◆ TASK BRIEF ◆
Transcribe the lines below exactly. No image belongs in the transcription.
*** Opening of PROVIDED DATA ***
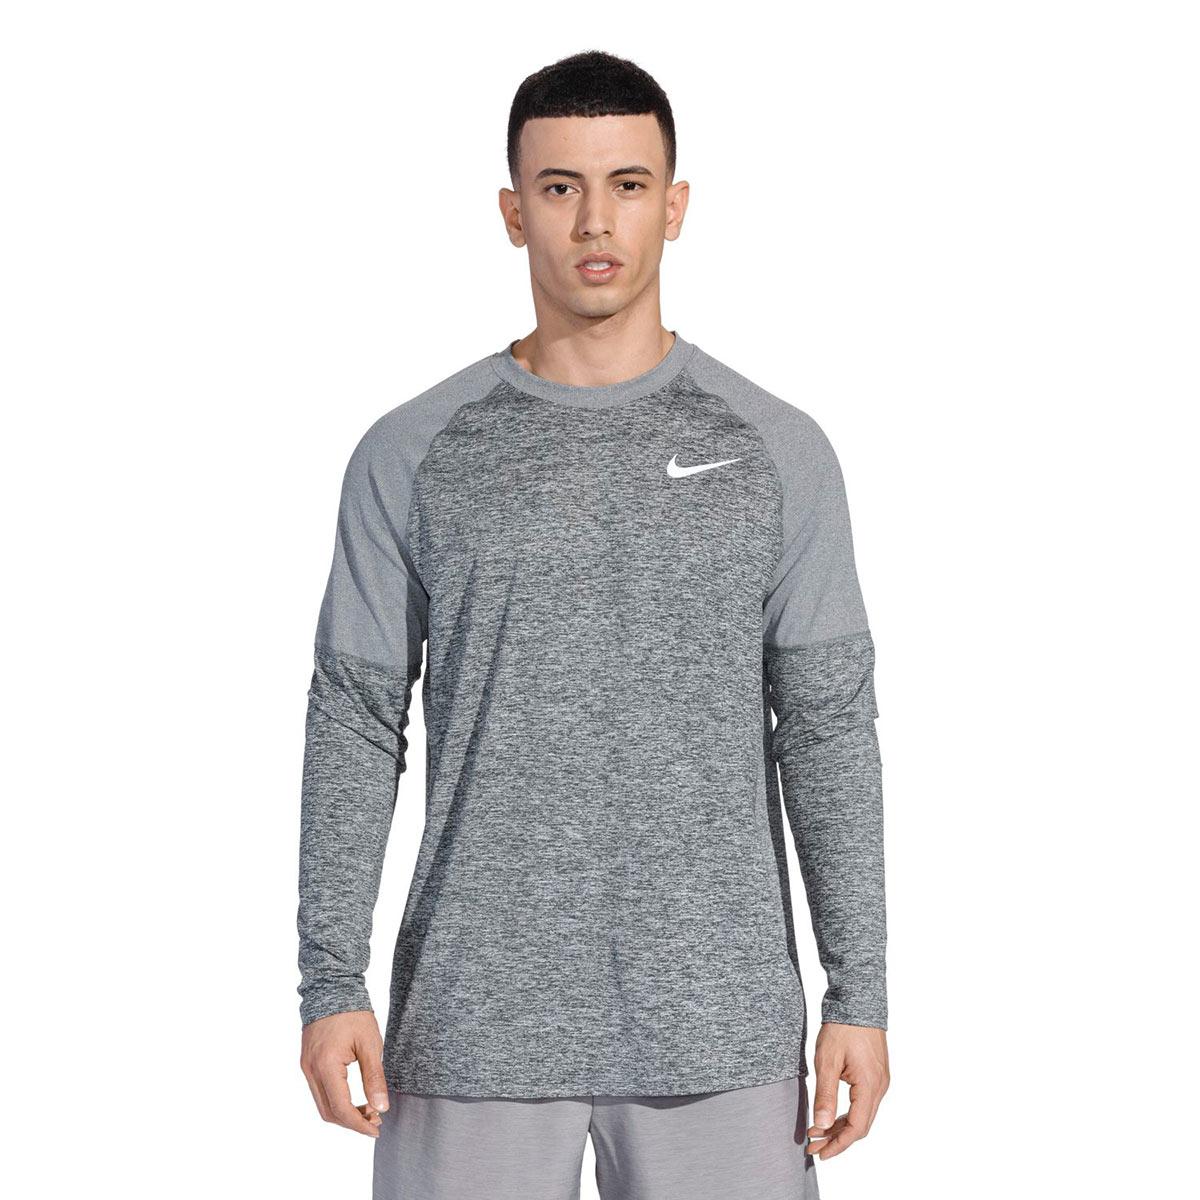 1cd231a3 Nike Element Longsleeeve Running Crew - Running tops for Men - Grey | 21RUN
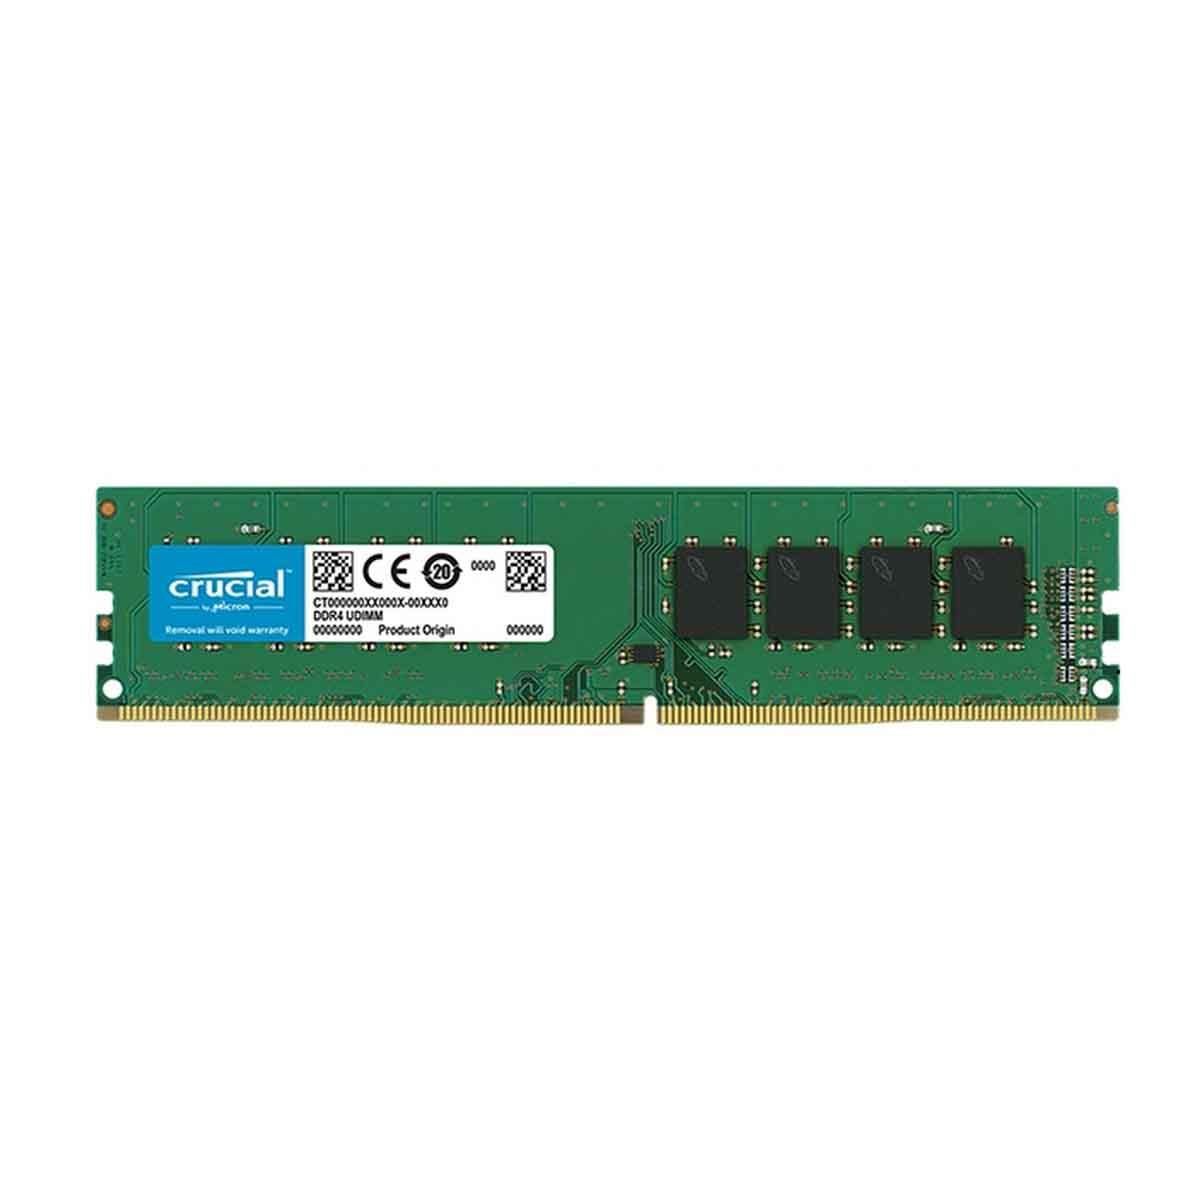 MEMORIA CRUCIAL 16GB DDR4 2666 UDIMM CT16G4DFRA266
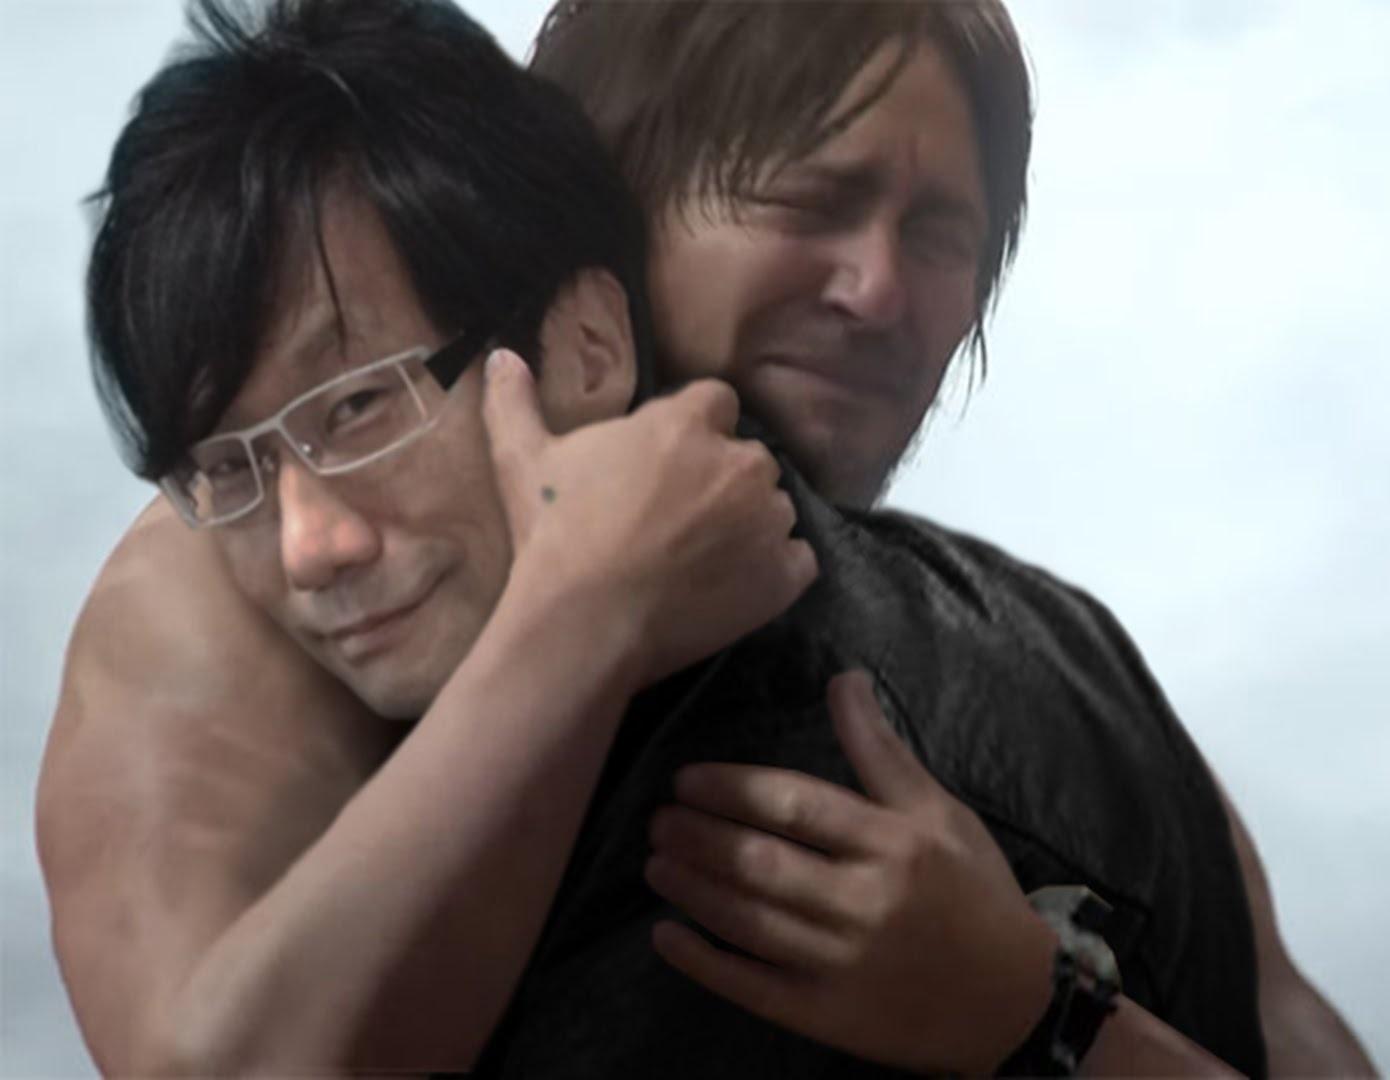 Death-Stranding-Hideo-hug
*** Close of PROVIDED DATA ***
◆ ANSWER FOR THIS EXERCISE ◆
 1cd231a3 Nike Element Longsleeeve Running Crew - Running tops for Men - Grey | 21RUN
 MEMORIA CRUCIAL 16GB DDR4 2666 UDIMM CT16G4DFRA266
 Death-Stranding-Hideo-hug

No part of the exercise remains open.